2 men convicted in Florida 'Xbox murders' resentenced to death
Published in News & Features
ORLANDO, Fla. – Two men convicted of killing six people in Deltona in 2004 in one of Central Florida’s most notorious mass killings known as the “Xbox murders” were given the death penalty again during a resentencing hearing Monday.
Troy Victorino and Jerone Hunter had their original death penalty sentences thrown out after a U.S. Supreme Court ruling in 2016 said Florida’s death penalty system was unconstitutional. Both convicts’ death penalty sentences came from juries that were not unanimous.
A jury in May this year, though, recommended again they be given the death penalty during new sentencing hearings, but a judge had yet to give final ruling on that recommendation.

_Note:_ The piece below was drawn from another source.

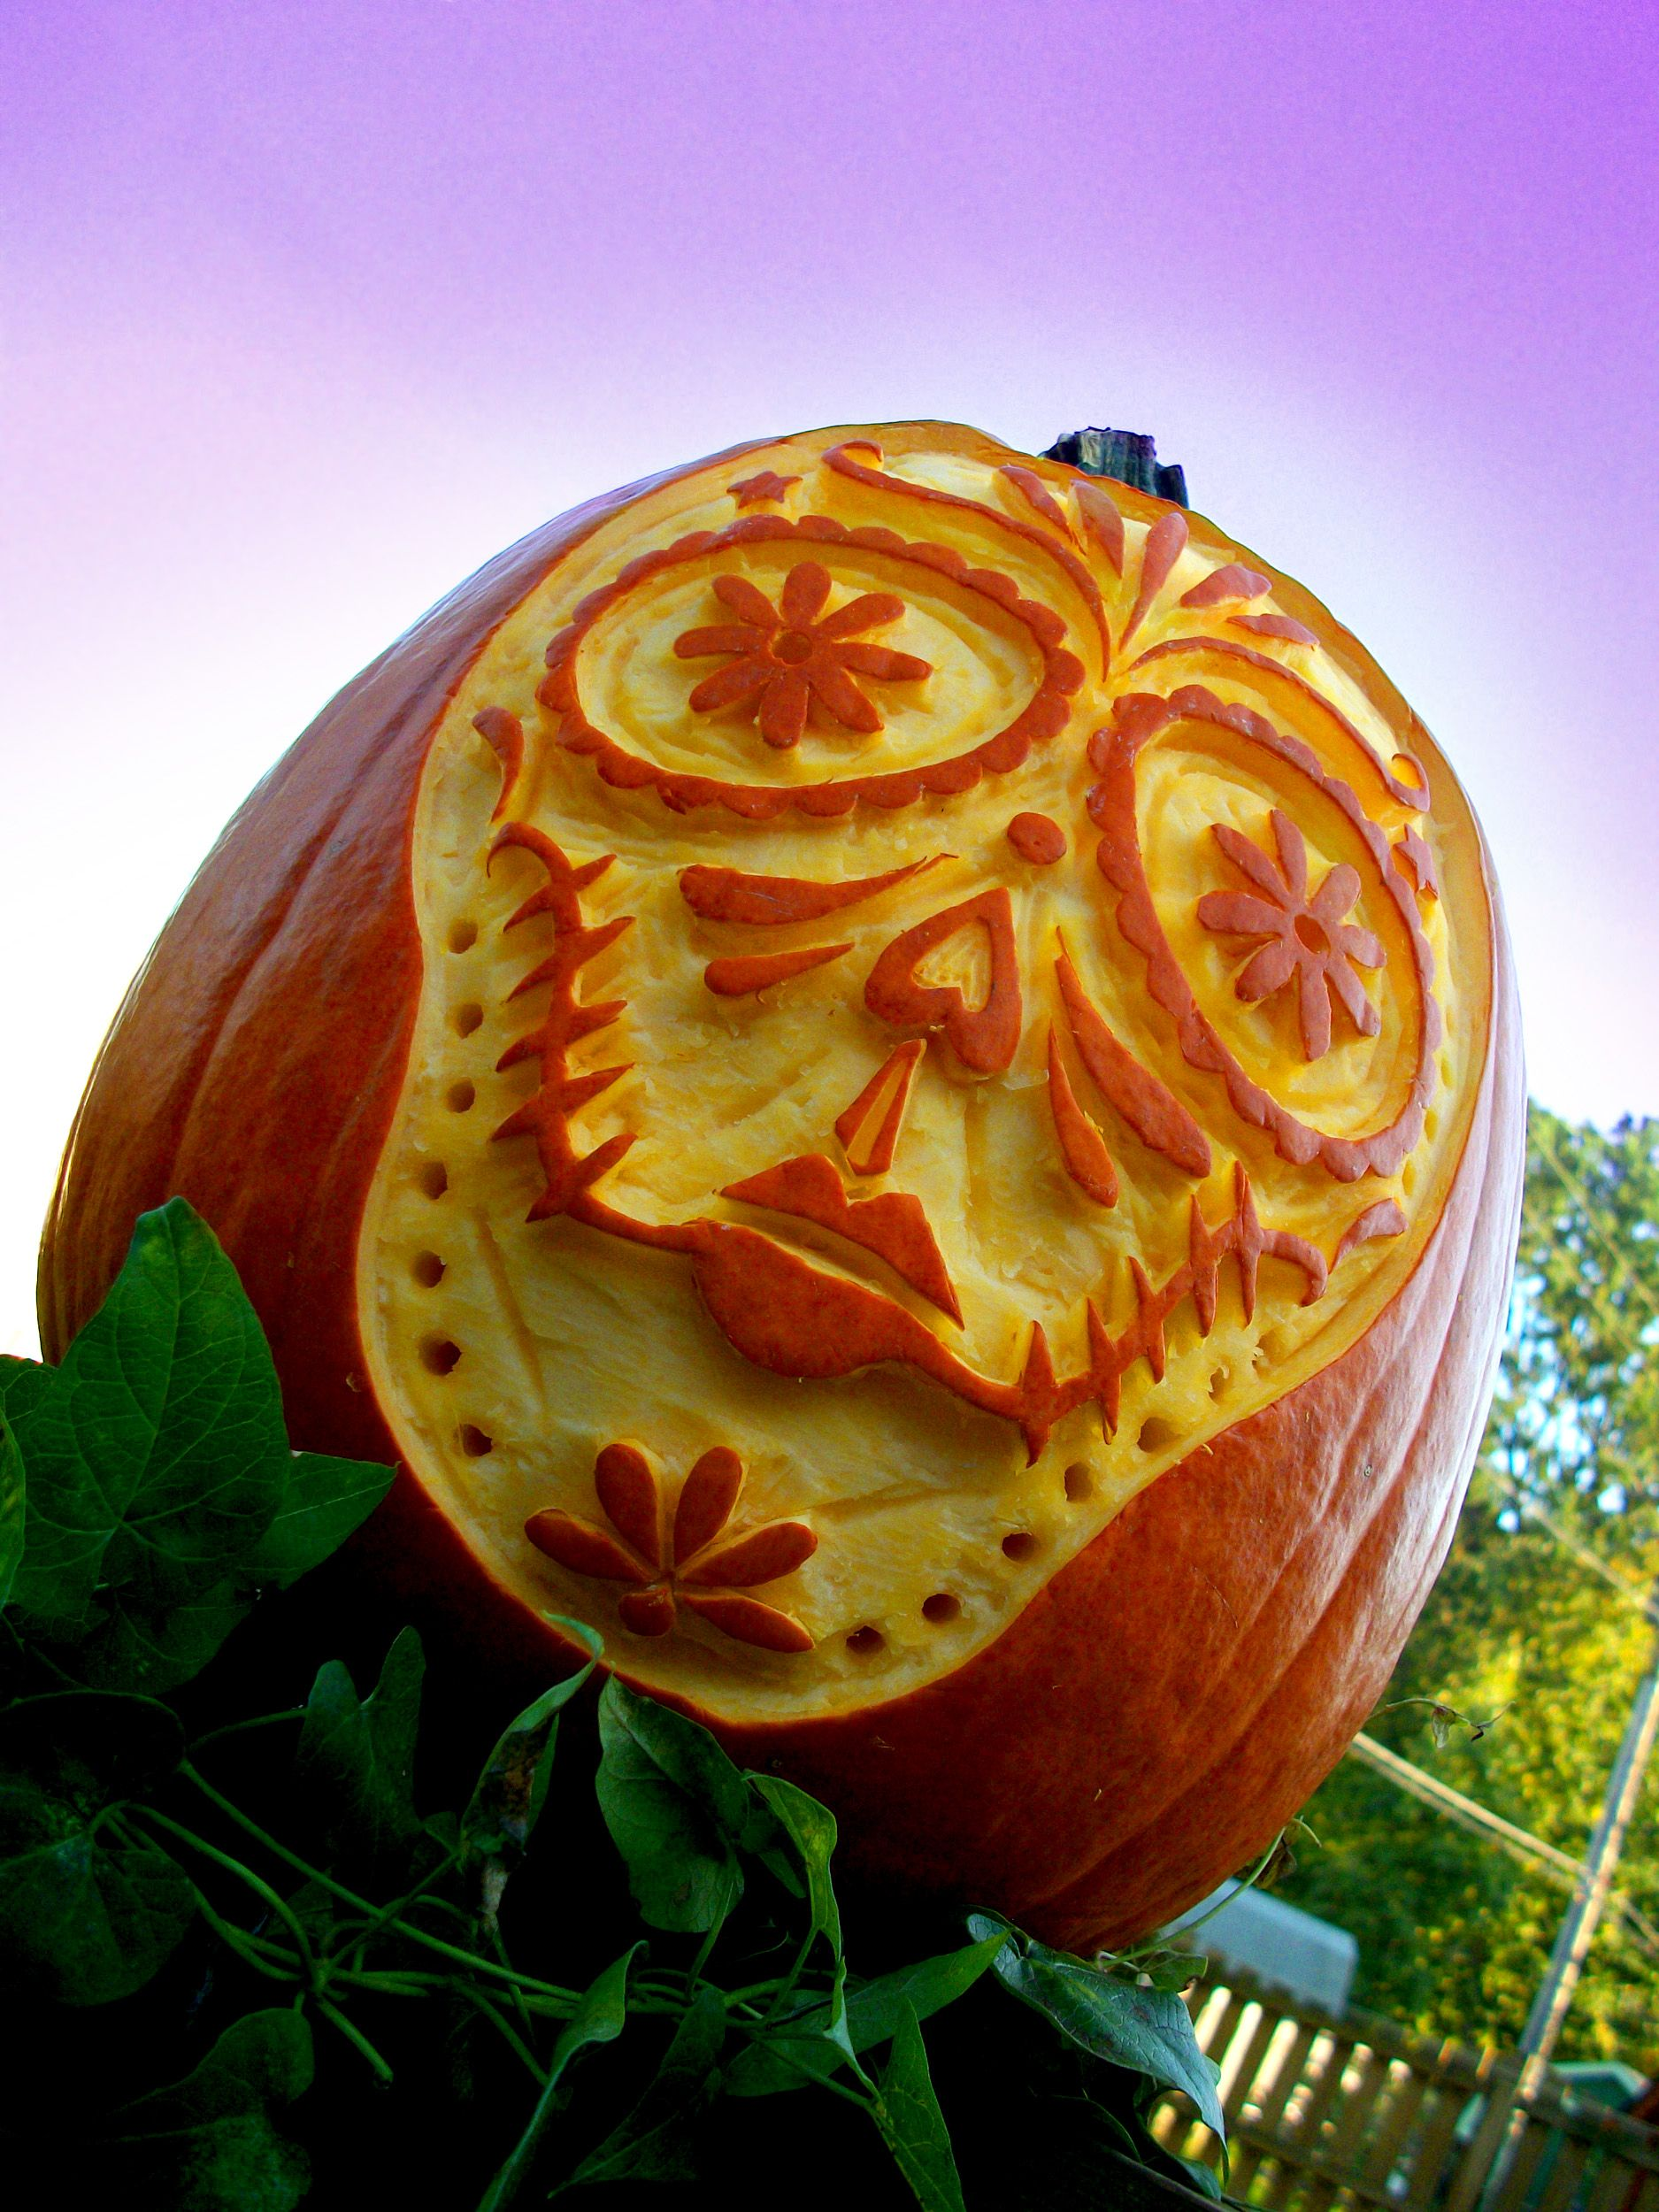 2Shea Creative Pumpkin Carving Templates Sugar Skull Pumpkin

That came Monday morning at the Volusia County Courthouse when Judge Dawn Nichols with Florida’s 7th Judicial circuit confirmed the pair would head back to death row.
In July they had participated in a Spencer hearing with Hunter in the courtroom and Victorino present from a jailhouse feed. Their lawyers presented evidence that could help sway the judge to not follow the jury recommendation, but instead impose a sentence of life imprisonment.
The court heard testimony from a neuropsychologist as well as from the aunt of Hunter who talked about his childhood.
The two had been convicted in 2006 of first-degree murder in the deaths of Jonathan Gleason, 17; Michelle Nathan, 19; Erin Belanger, 22; Roberto Gonzalez, 28; Francisco Ayo Roman, 30; and Anthony Vega, 34. Two other suspects in the murders, Michael Salas and Robert Cannon, remain in prison with life sentences.
All four were accused of beating the six victims to death along with a dog with aluminum baseball bats inside a home on Telford Lane in August 2004. The case was dubbed by media as the “Xbox murders” because one of the motives according to prosecutors behind the crime was Victorino retrieving an Xbox from the house claiming it had been stolen.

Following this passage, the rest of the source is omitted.